For more than two centuries following this incident, Ottoman and Odishian military forces came to blows on several occasions. In the summer of 1703, the Turks simultaneously invaded Imereti, Guria, and Odishi. However, the Sultan was forced to recall his troops because of a rebellion in Istanbul, and the Georgians decimated his retreating army. Shortly afterward, Odishian forces under George IV Dadiani captured the strategically important Ottoman-held fortresses at Rukhi and Anaklia for a brief time; but the Turks soon recaptured them.

An anti-Turk rebellion erupted in Odishi in 1722, and for a time, Ottoman rulers were concerned that the forces of Bejan I Dadiani would conquer the Empire’s fortresses in the Principality. Once again, however, the Turks’ dominance of the Black Sea proved decisive; Istanbul sent a naval squadron to support its forces, and the fortresses held.
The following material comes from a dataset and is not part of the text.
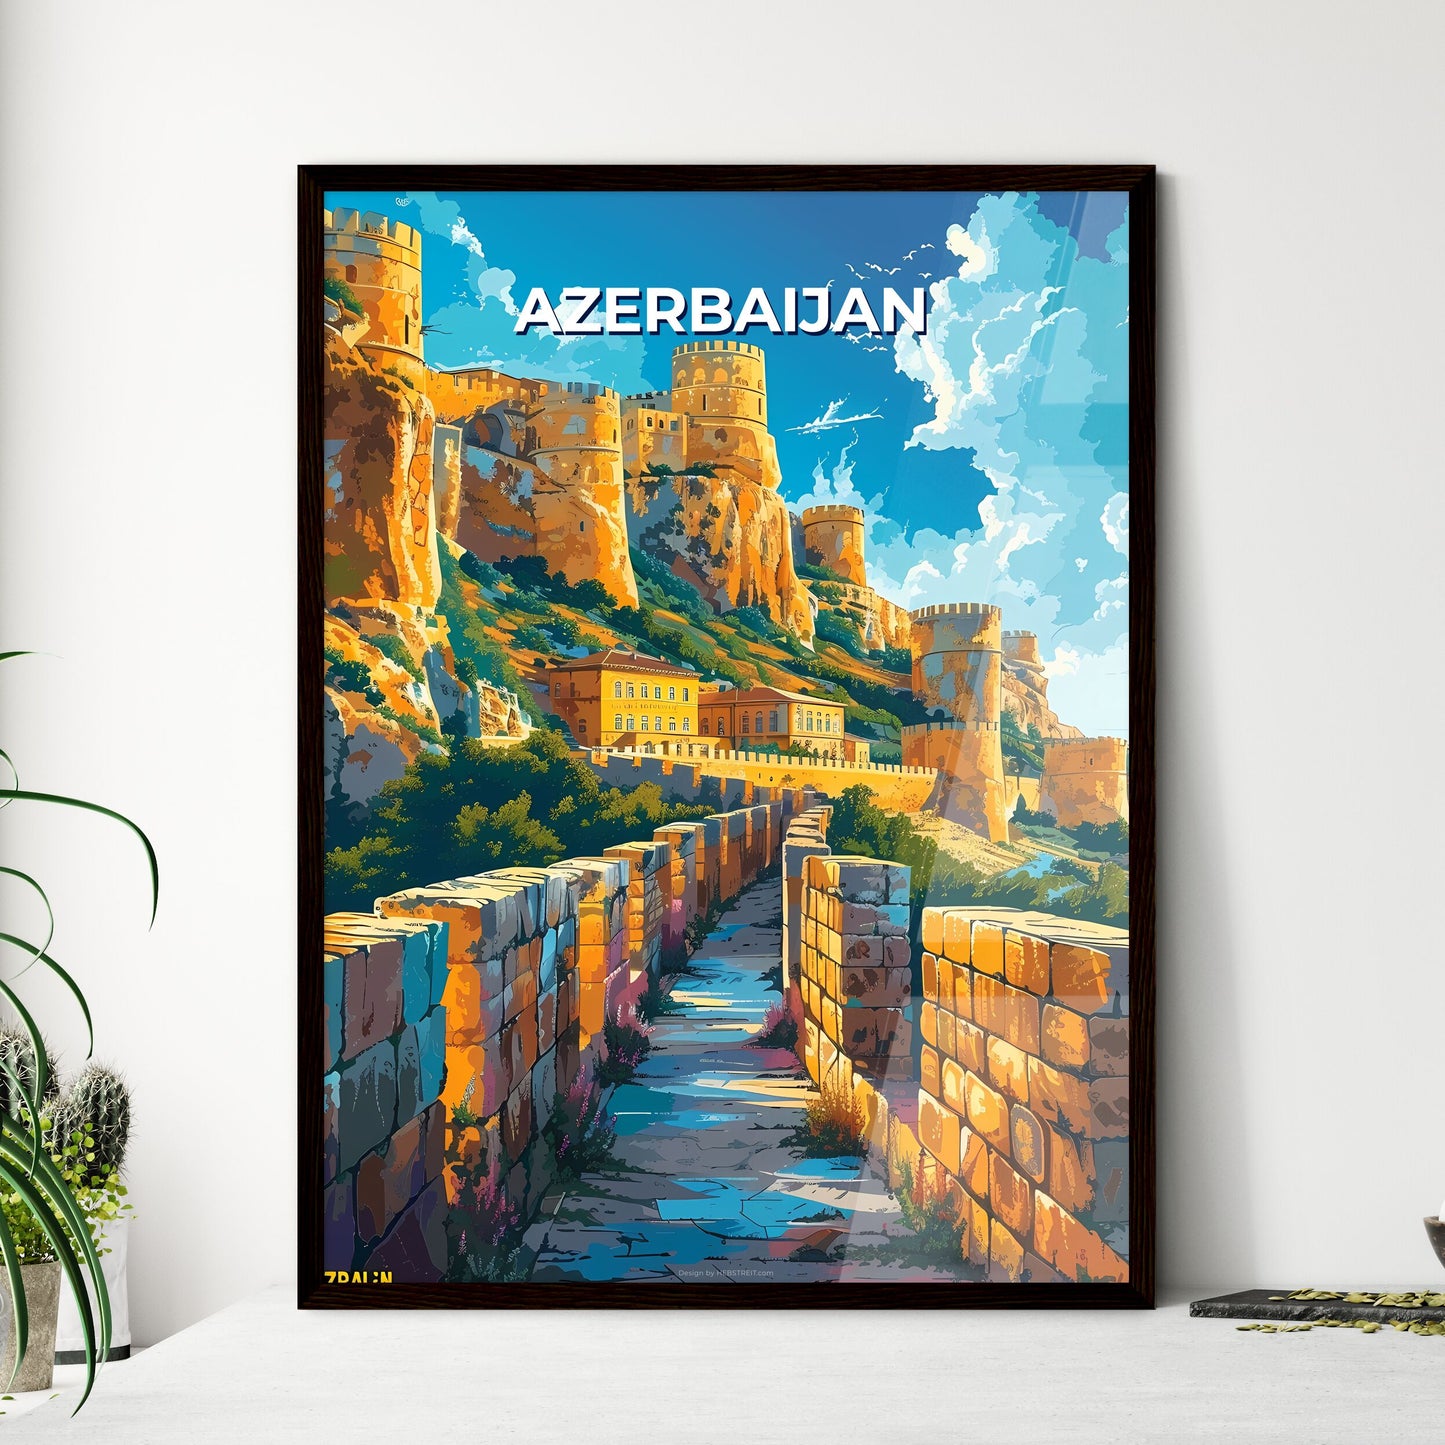 Artistic Stone Castle Wall Painting, Vibrant Azerbaijan European Architecture

By the middle of the 18th century, the growing power of Russia to the north was altering the military equation in the region. Rulers in both eastern and western Georgia sought to align themselves with Christian Russia against the Islamic Ottoman and Persian Empires that had long borne down on the Georgians in their isolated Christian enclave. Throughout the 18th and 19th centuries, the militaries of the Russian and Ottoman Empires clashed repeatedly, and their conflicts sometimes spilled over into Odishi.

The tide was clearly turning against the Ottomans by the time the Russo-Turkish War of 1768-1774 erupted. In this conflict, Russian forces engaged Ottoman armies ensconced in Imereti, Guria, and Odishi. A unified army of Imeretian and Russian soldiers drove the Ottomans from Imereti, forcing them to assume a defensive position at Poti Castle on the Black Sea coast of Odishi. The Odishian forces of Katsia II Dadiani also entered the battle on Russia’s side, and succeeded in taking the fortresses at Rukhi and Anaklia.
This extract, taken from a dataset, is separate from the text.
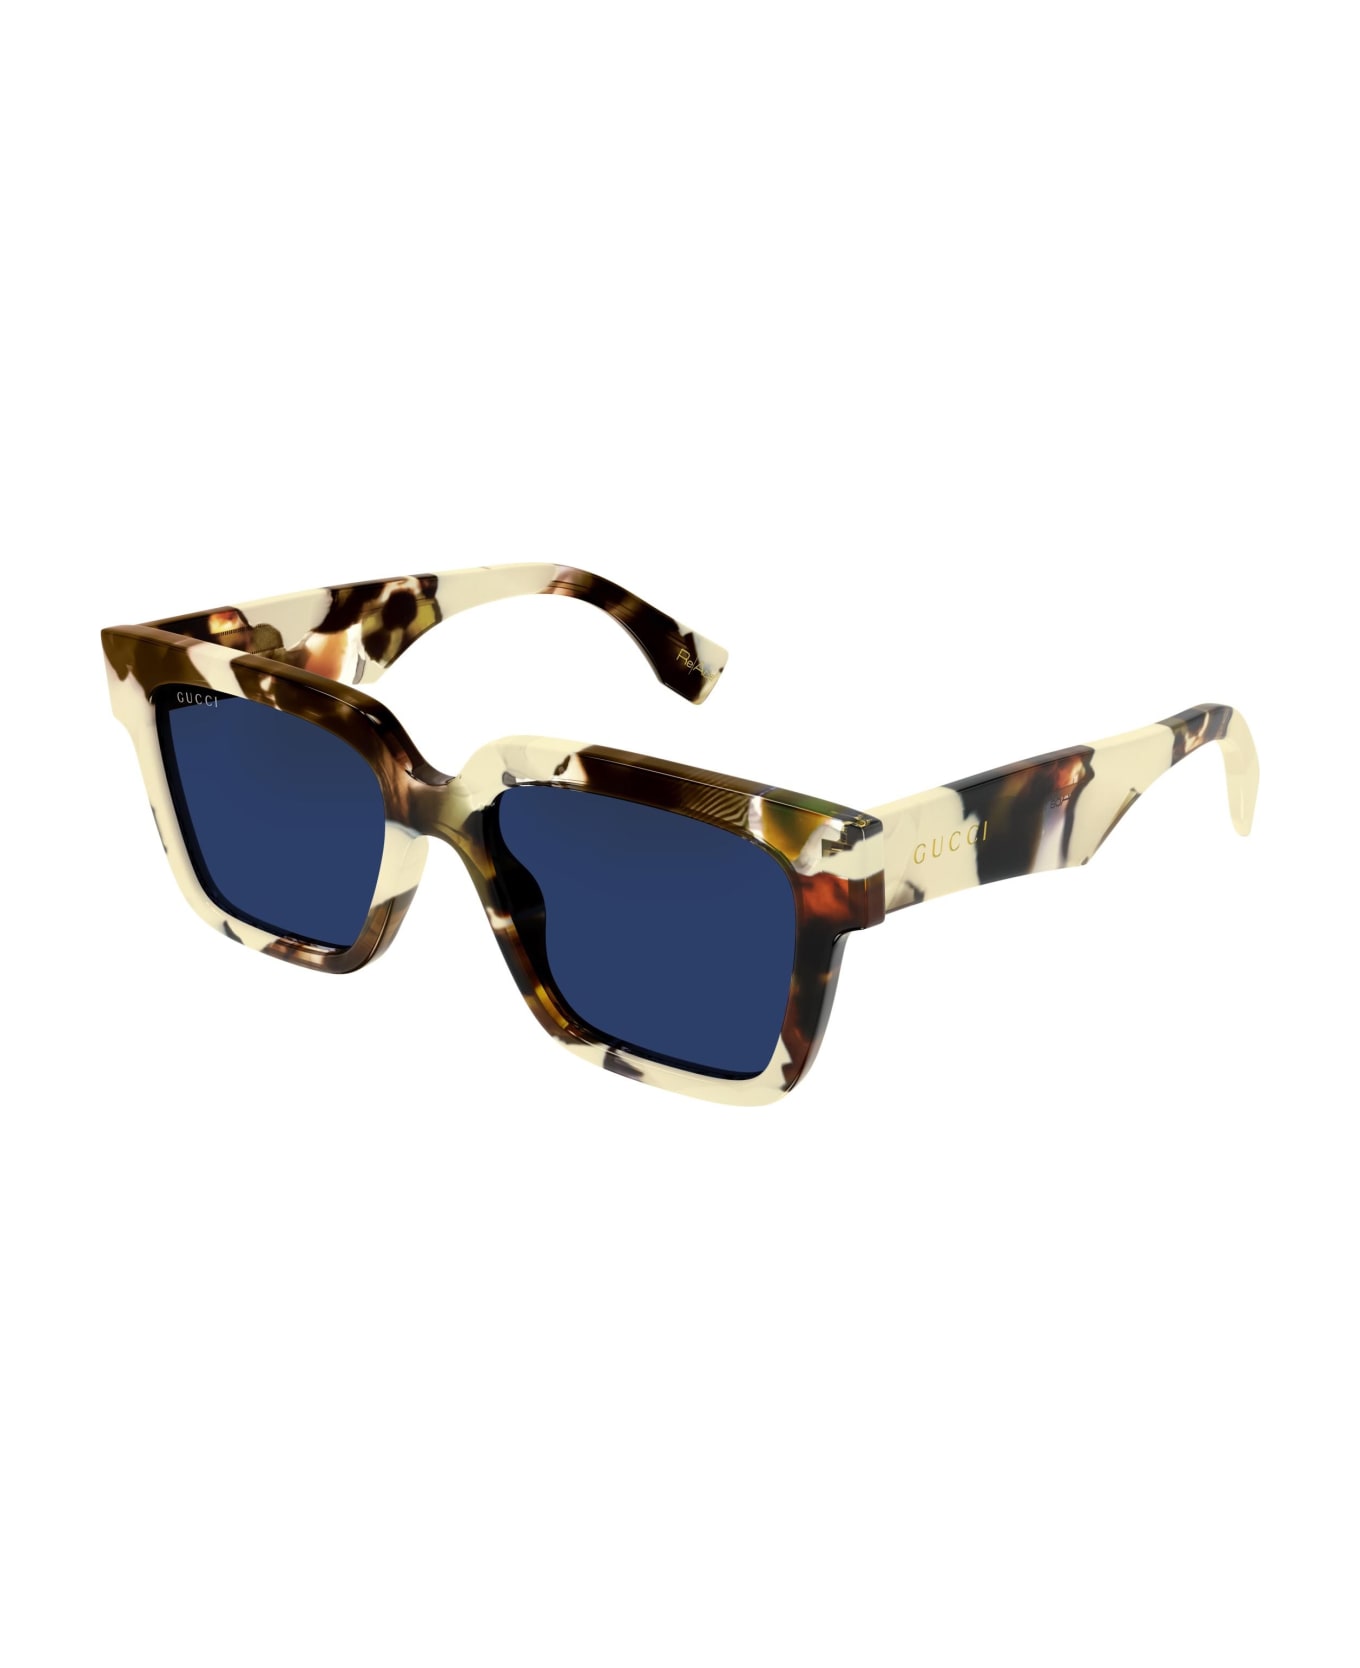 Gucci Eyewear Sunglasses - Havana chiaro/Blu

Samegrelo—as Odishi became known after becoming a Russian protectorate in 1803— was also involved when war broke out between Russia and Turkey in 1806. In 1808, Russian and Mingrelian[1] troops marched on the Turks’ position at Poti and succeeded in dislodging the Ottoman defenders, but were compelled to return the outpost to Turkey under the terms of the 1812 Treaty of Bucharest that ended the war. However, in the next Russo-Turkish War (1828-1829), the Ottomans were once again driven from Poti, and their defeat in this war was so resounding that the Ottoman Empire was forced to recognize Russia’s sovereignty over Georgia as part of the peace settlement.

Samegrelo was also drawn into the Crimean War (1854-56), in which Russia faced an alliance that included the Ottoman Empire, France, and the United Kingdom. In this conflict, the forces of Odishi under the interim ruler Ekaterine Chavchavadze-Dadiani—widow of the deceased ruler, David Dadiani, and mother of his underaged successor, Niko Dadiani—were at first forced to engage the invading Turks without Russian support, as Russia’s forces were tied down on other fronts. The Mingrelians put up a dogged defense, resorting to guerilla tactics, and eventually were able to repulse the Turkish offensive when assistance from Russia arrived later in the conflict. Although Russia and Turkey were to clash several more times before the final collapse of Turkey’s imperial ambitions in the years following World War I, this was the last time their the ongoing rivalry directly touched Samegrelo.

[1] Although not all of Samegrelo’s people are members of the Mingrelian linguistic group (discussed in the Ethnography section below), the people of Samegrelo are traditionally referred to collectively as “Mingrelians” (or “Megrelians”), and the usual adjectival form is likewise “Mingrelian.”